SlimYOLOv3:Narrower,Faster and Better for Real-Time UAV Application
This article is for Yolov3 do the pruning model, given the typical model began pruning process, as shown.
Secondly, the model for a given process yolov3 pruning, as
What is pruning depth model? Like the name of the paper narrower (Narrower), it is necessary to reduce the number of channel model.
Each layer is removed unimportant convolutional channel characteristics. It is necessary to properly assess the importance of the channel characteristics.
Its nature: the scaling factor by imposing channel L1 regularization and trim smaller amount characteristic of the channel layer is achieved convolutional channel sparsity level to obtain SlimYOLOv3.

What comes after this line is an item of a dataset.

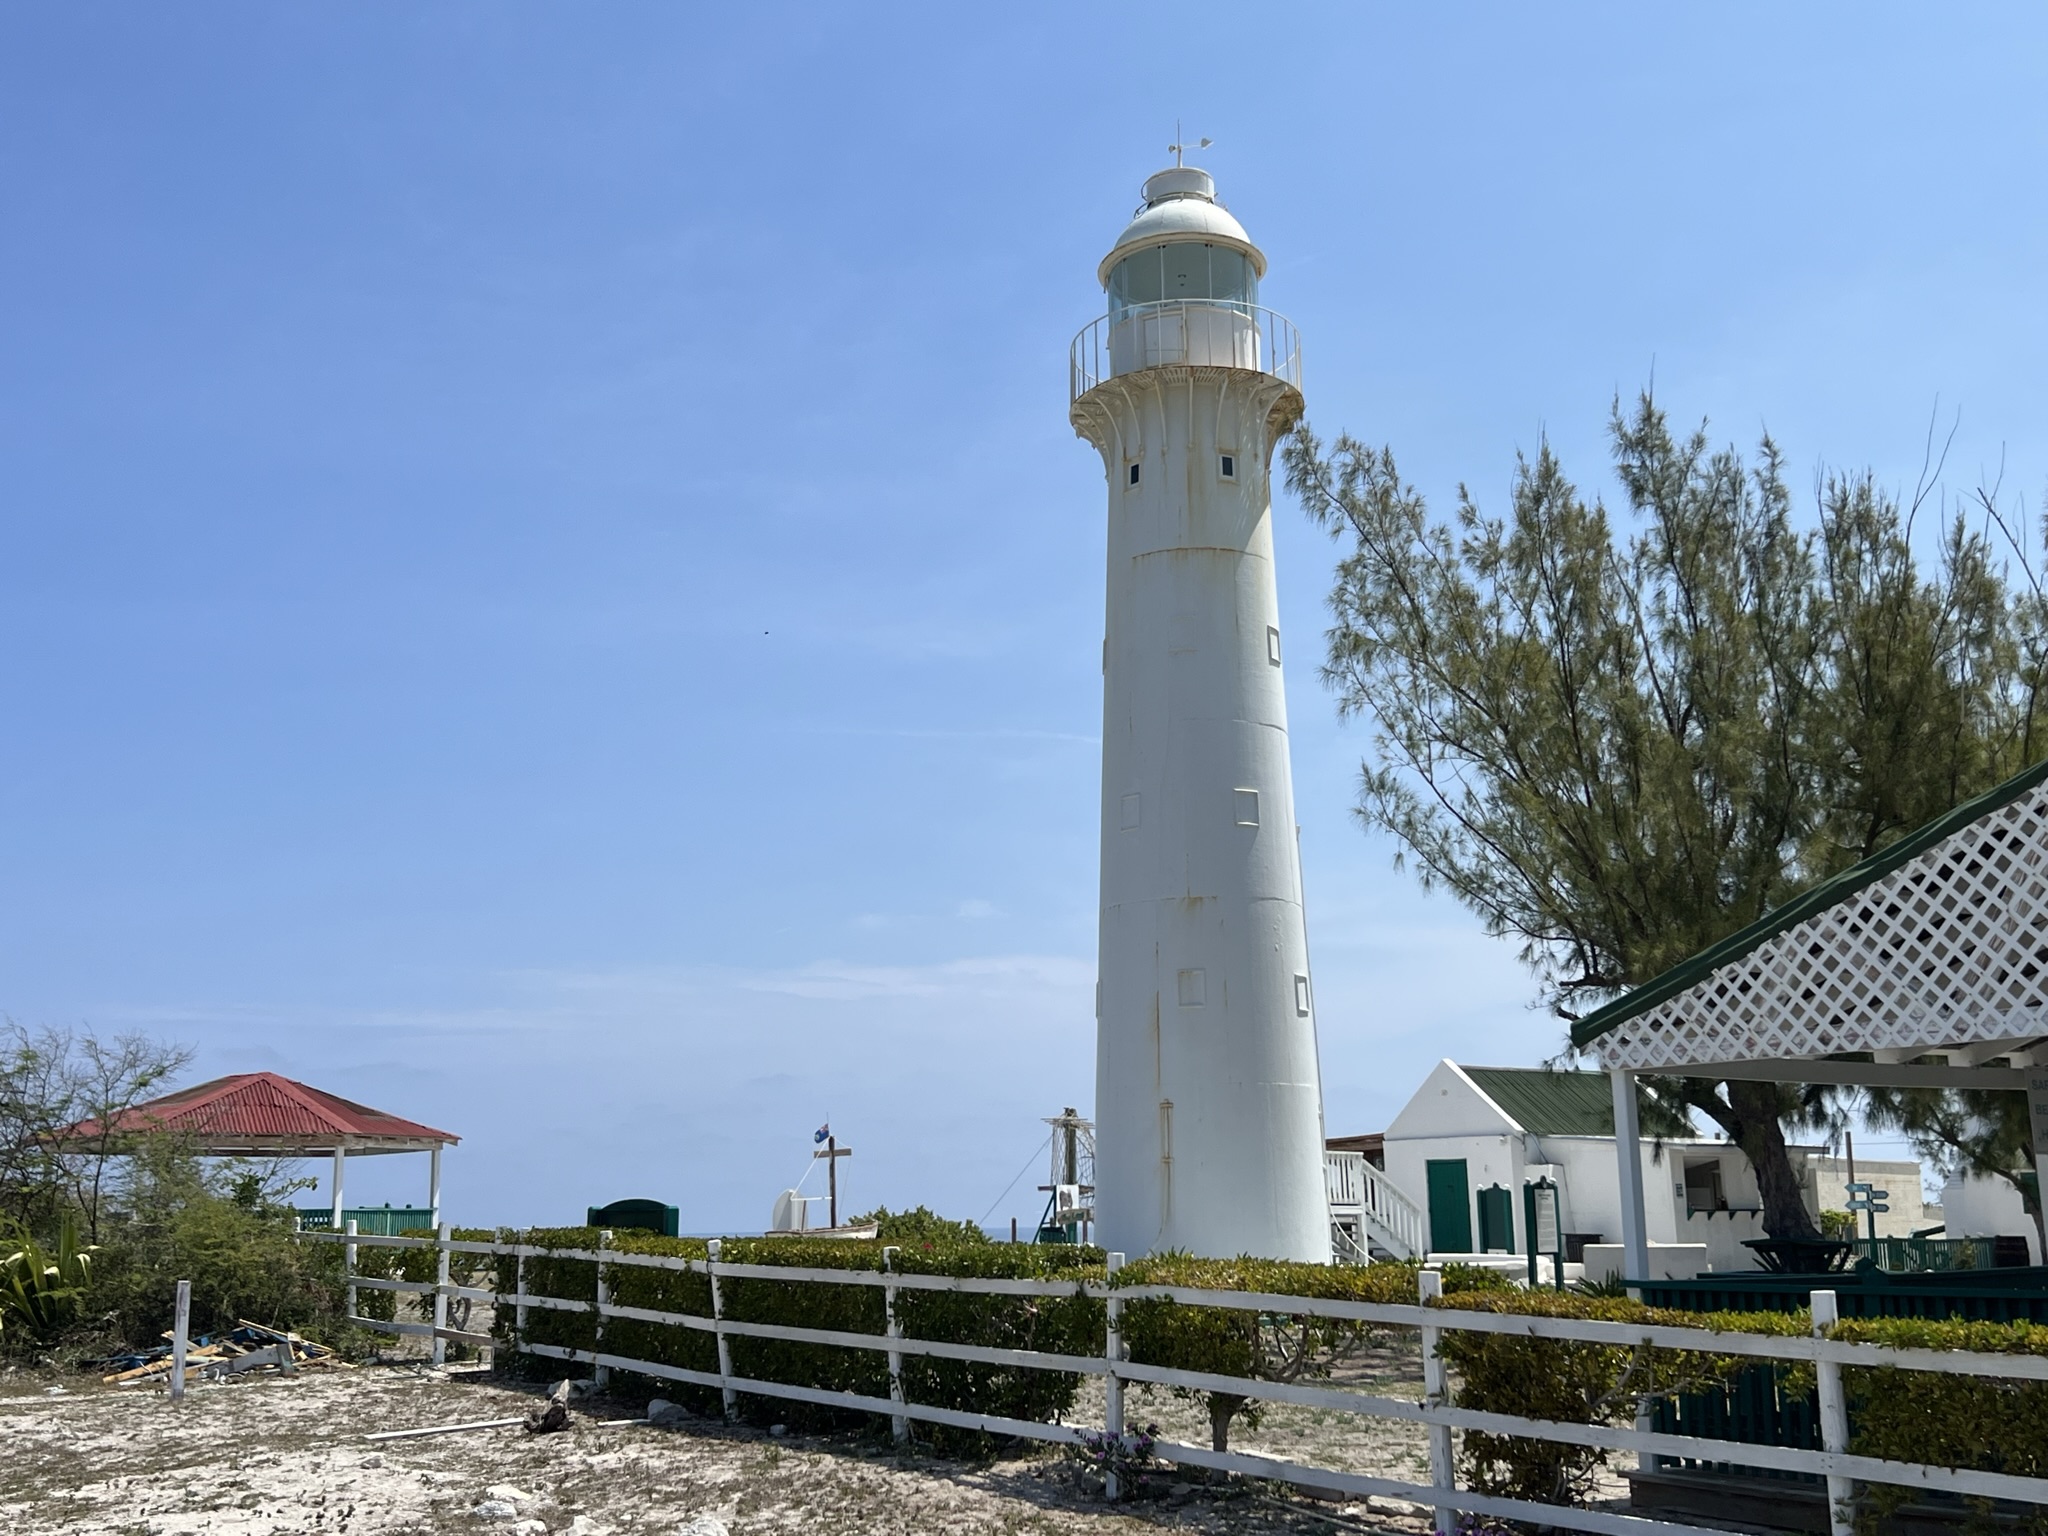 Cruise Excursion Shorts – Island Tram Tour of Historic Areas of Grand Turk Island in Turks & Caicos

Figure above process is explained as follows: YOLOv3 sparse After training, to obtain the scale factor of each channel, then channels that remove small scale factor, the resulting model SlimYOLOv3 pruning further fine-tune the data sets, to obtain a detection result, and then proceed to the next a sparse training. The pruning process is iteratively repeated over until the models meet certain conditions, such as pruning rate model certain requirements.
This paper, the authors use the feature fusion technology, introduction of spatial pyramid (SPP) structure, yolov3 made a small change. SPPmodule comprising four parallel maxpooling layer, respectively, nuclear size 1 * 1, 5 * 5, 9 * 9,13 * 13.SPPmodule extraction features can be different receptive field, and then in the passage where they concat dimension.
Between the detection of several up header fifth and sixth convolution convolution added SPPmodule (added to the number of layers between yolo input direction, the fifth and sixth convolution SPPmodule).
Detection header is output N * N * (3 * ( 4 + 1 + C)), where N * N is the feature map size, C is the number of classes.
sparsity training
yolov3 network structure except the input layer yolo convolutional layer is not bn layer, other layers are convolutional layer bn, bn layer formula:
Equation (1), respectively, a batch of mean and variance, respectively, Training scaling (trainable scale factor) and offset (bias). On direct use to measure the importance of the channel, the importance of using L1 regression to measure, sparsity training objectives formula:
represents L1 return, for balancing the two loss, with a negative gradient method for nonsmooth penalty term L1 optimized author use value size is 0.0001
Channel pruning:
After sparse training, introducing a global threshold to determine which channels are cut features, using the global threshold control all will be minus a few percent. At the same time, the introduction of a local threshold value in order to protect channels within a convolution layer is excessively pruned, to avoid the integrity of the structure of a network connection is damaged.
Fine-tuning
To fine-tune the structure after pruning, to restore accuracy.
Iteratively pruning
Iterative pruning, to prevent over-fitting.
Results and Discussions
Seen from the figure, yolov3-spp3 better than yolov3-spp1, which shows a multi-receptive fields can be effectively extracted features multi-scale depth.
Annex: yolov3-spp3 spp uses three modules, respectively mounted between the 5th and 6th number next three test head.